Start of Task input

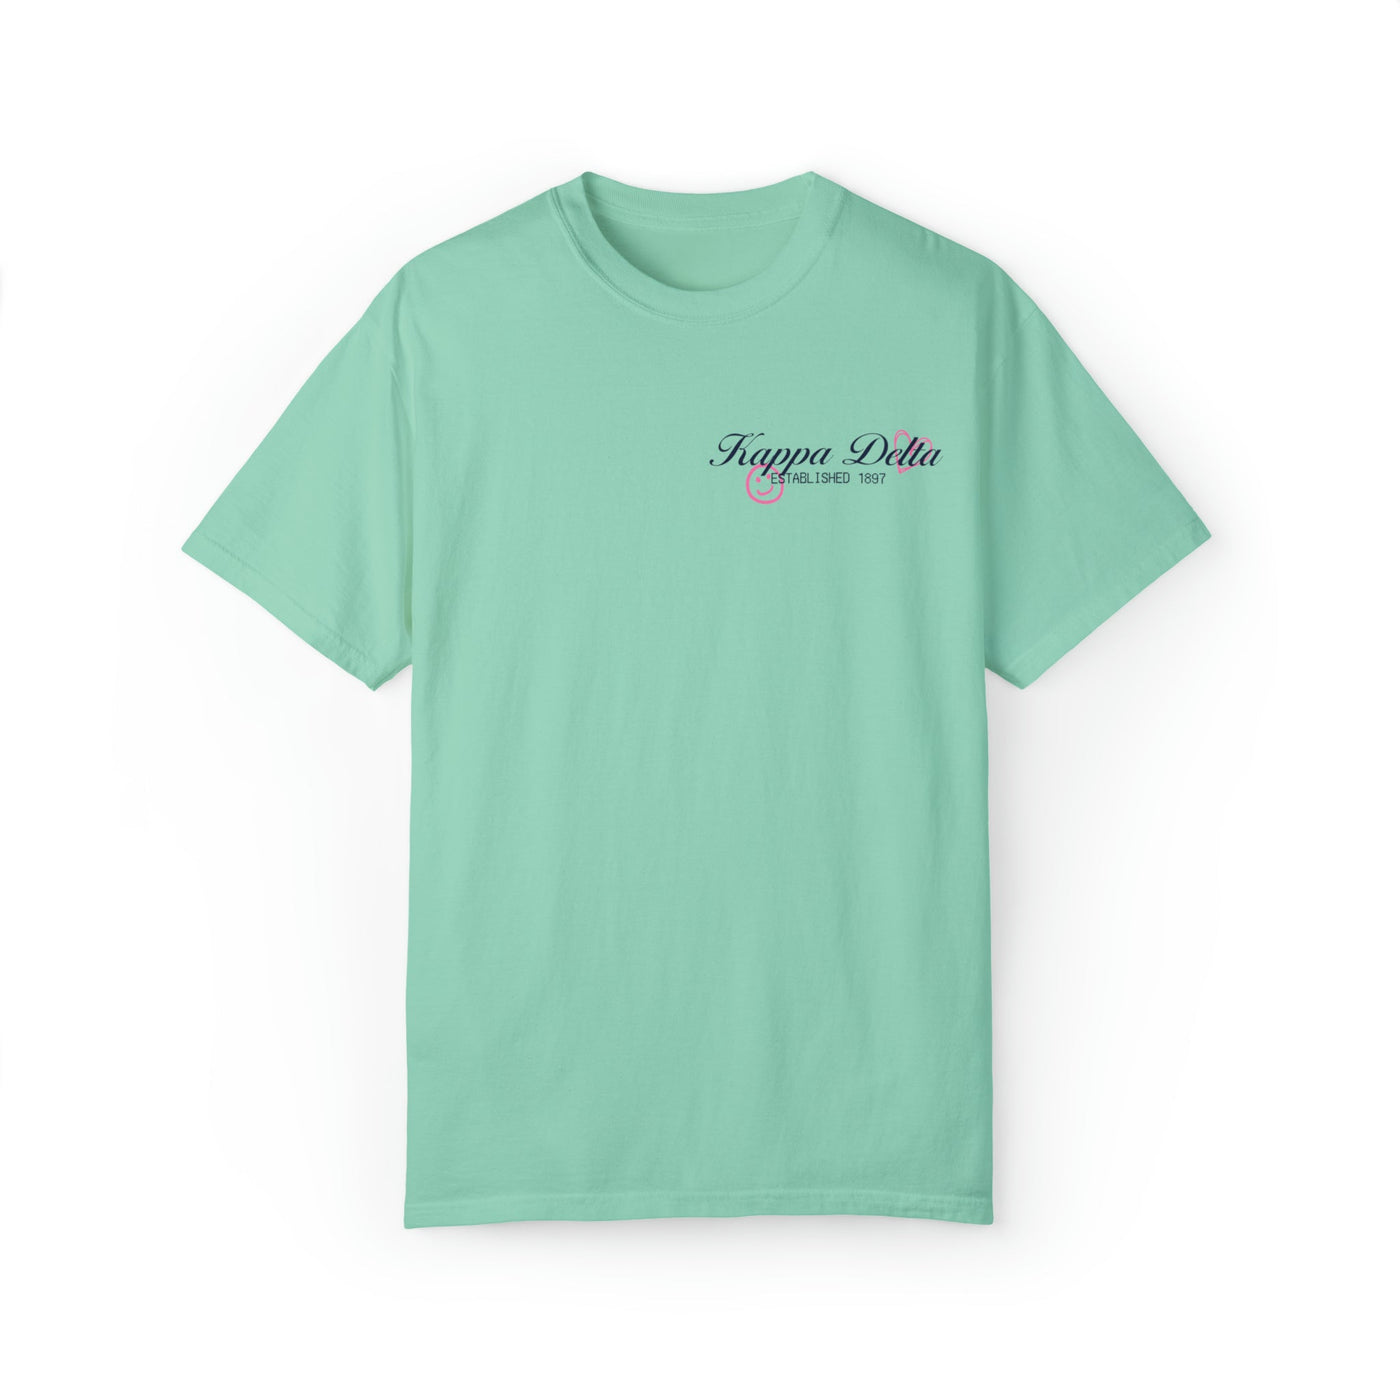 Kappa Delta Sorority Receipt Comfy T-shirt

End of Task input
Start of Task input

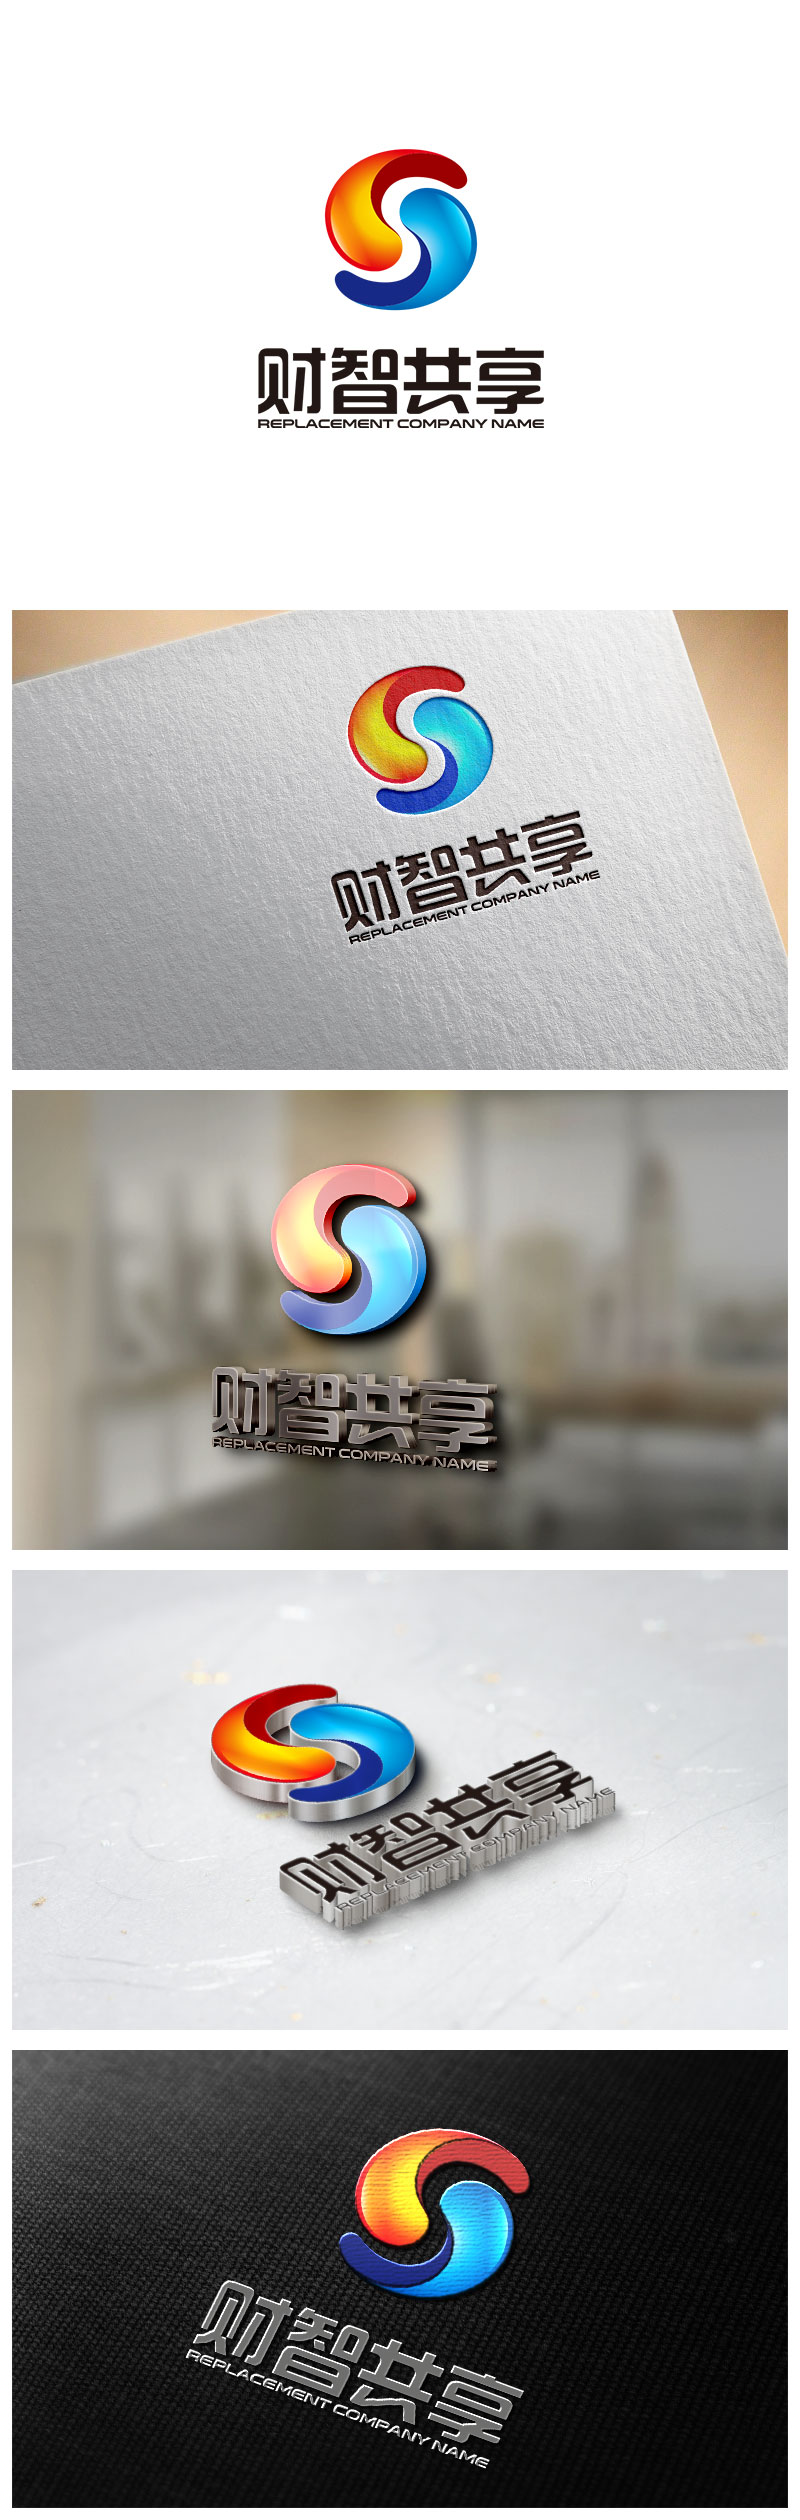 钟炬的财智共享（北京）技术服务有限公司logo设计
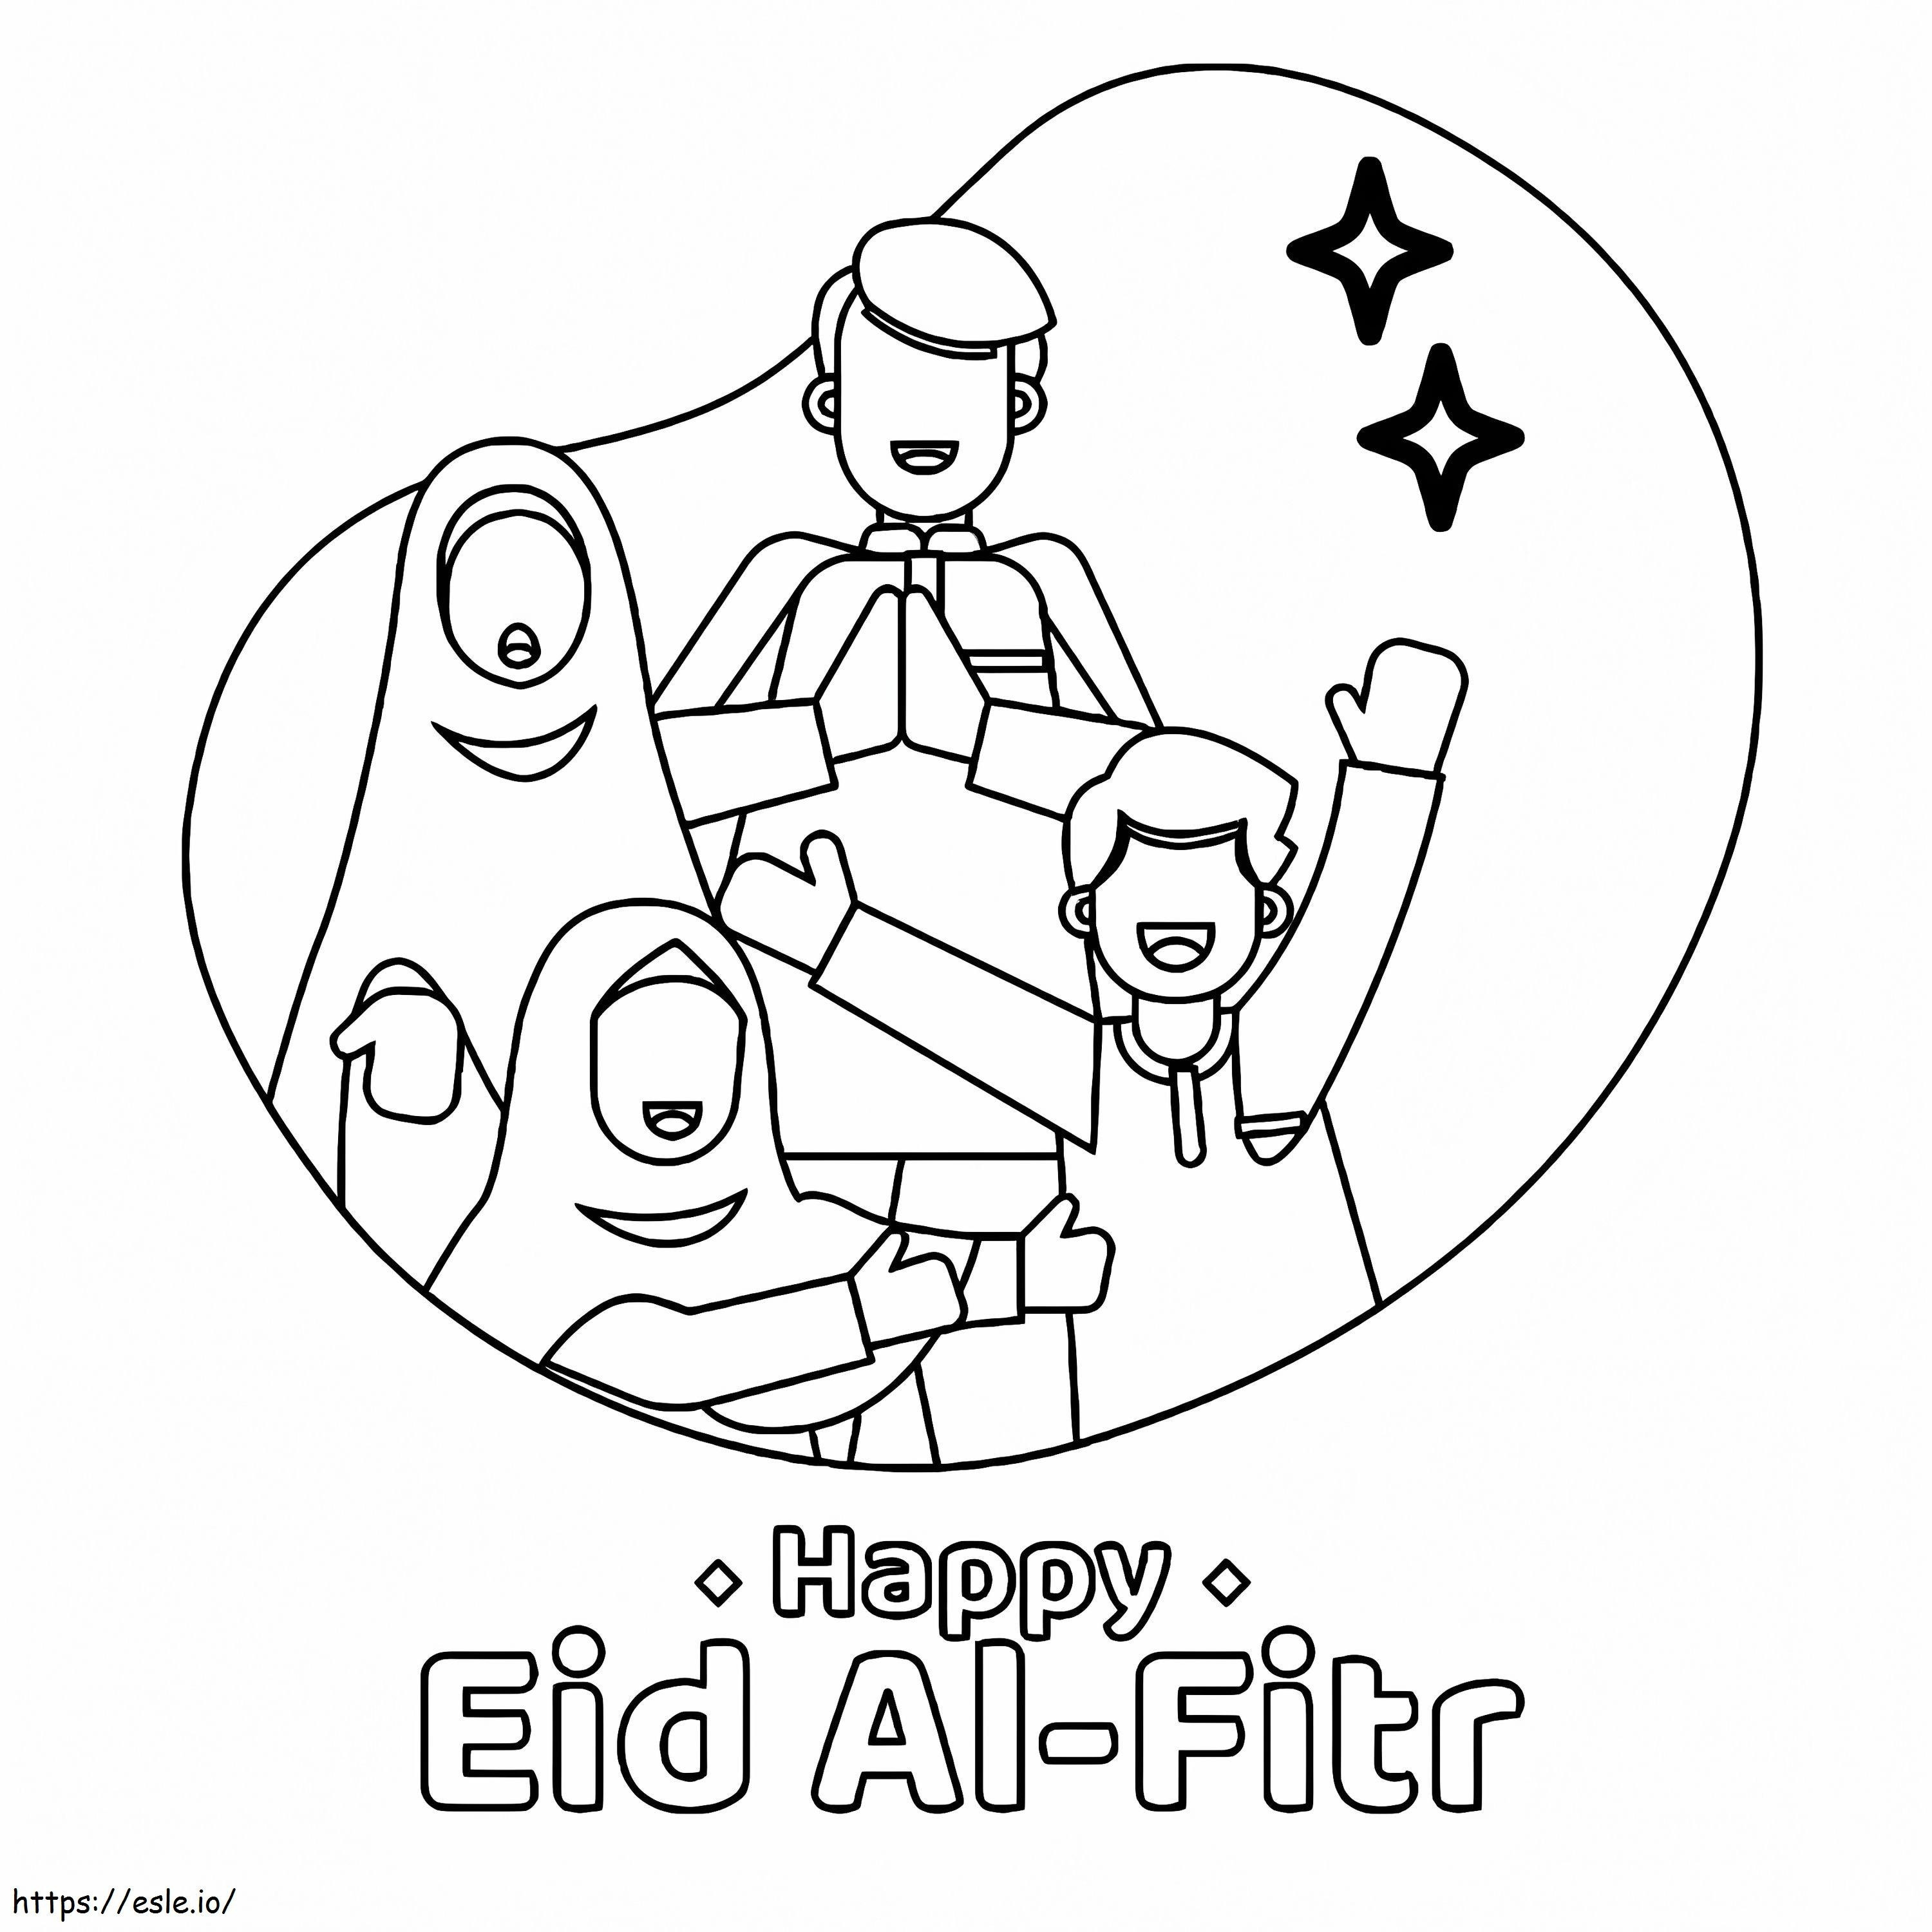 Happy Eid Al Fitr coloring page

End of Task input
Start of Task input

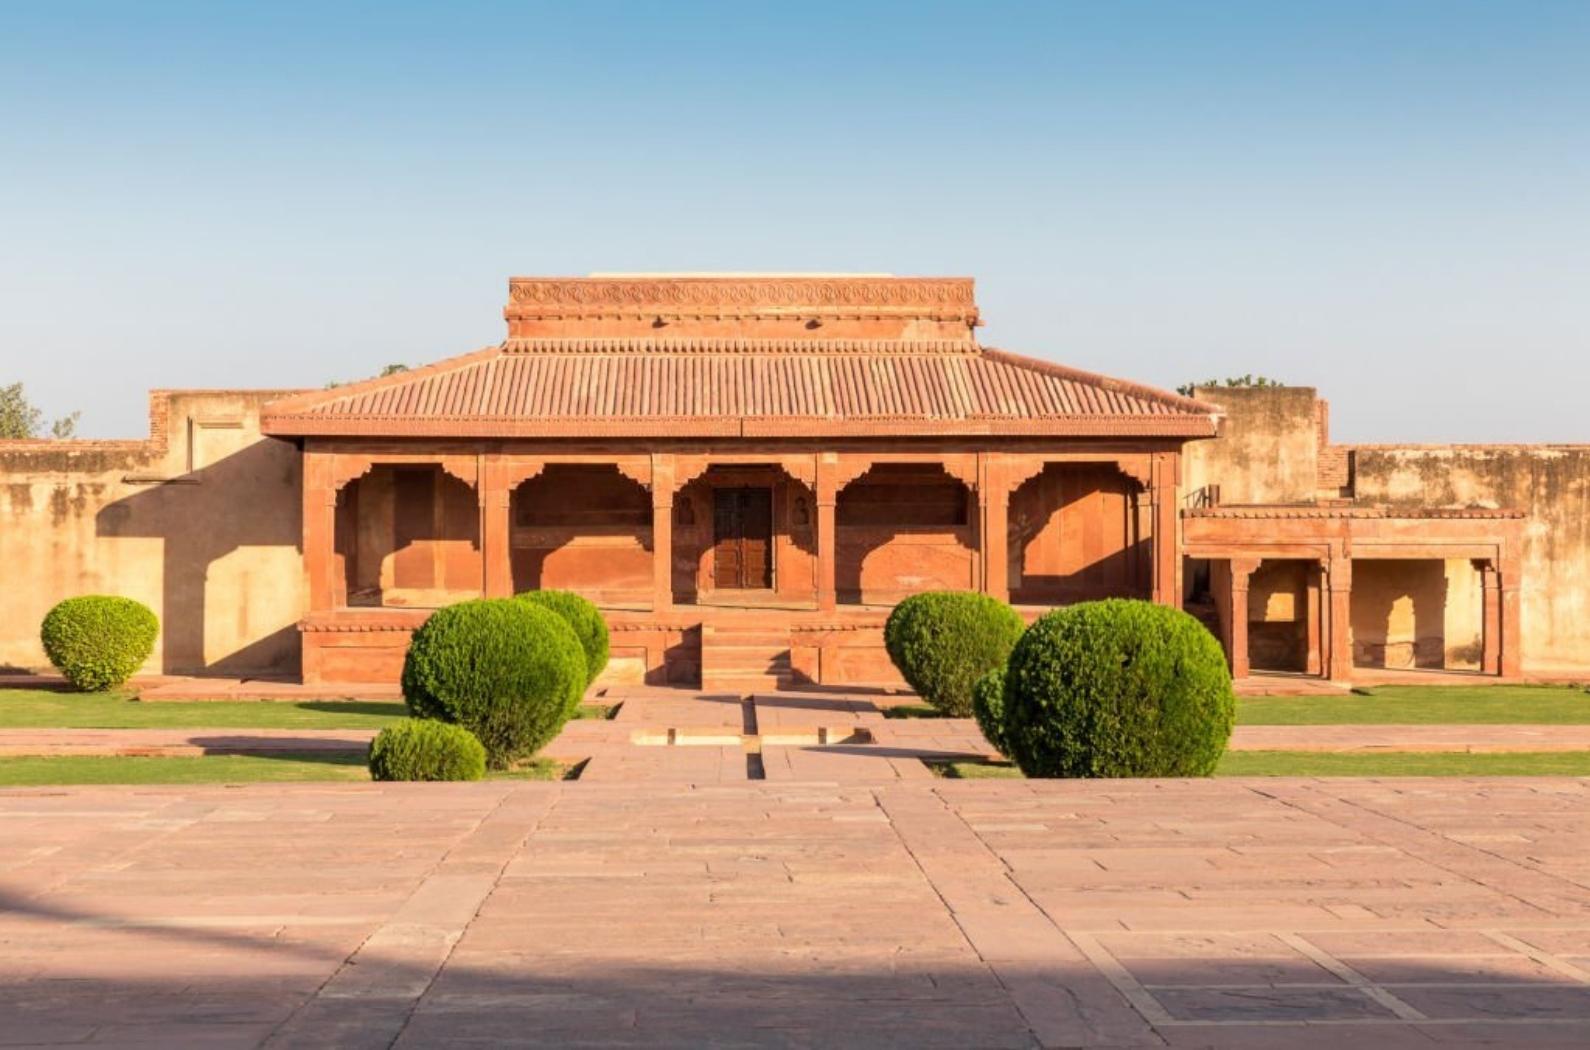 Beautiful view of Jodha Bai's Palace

End of Task input

▶ [How to complete this task] Everything above from the line with "钟炬的财智共享（北京）技术服务有限公司logo设计" through the line with "Happy Eid Al Fitr coloring page" should be retyped exactly, and nothing else; omit pictures.

▶ [Exercise result]
 钟炬的财智共享（北京）技术服务有限公司logo设计
 Happy Eid Al Fitr coloring page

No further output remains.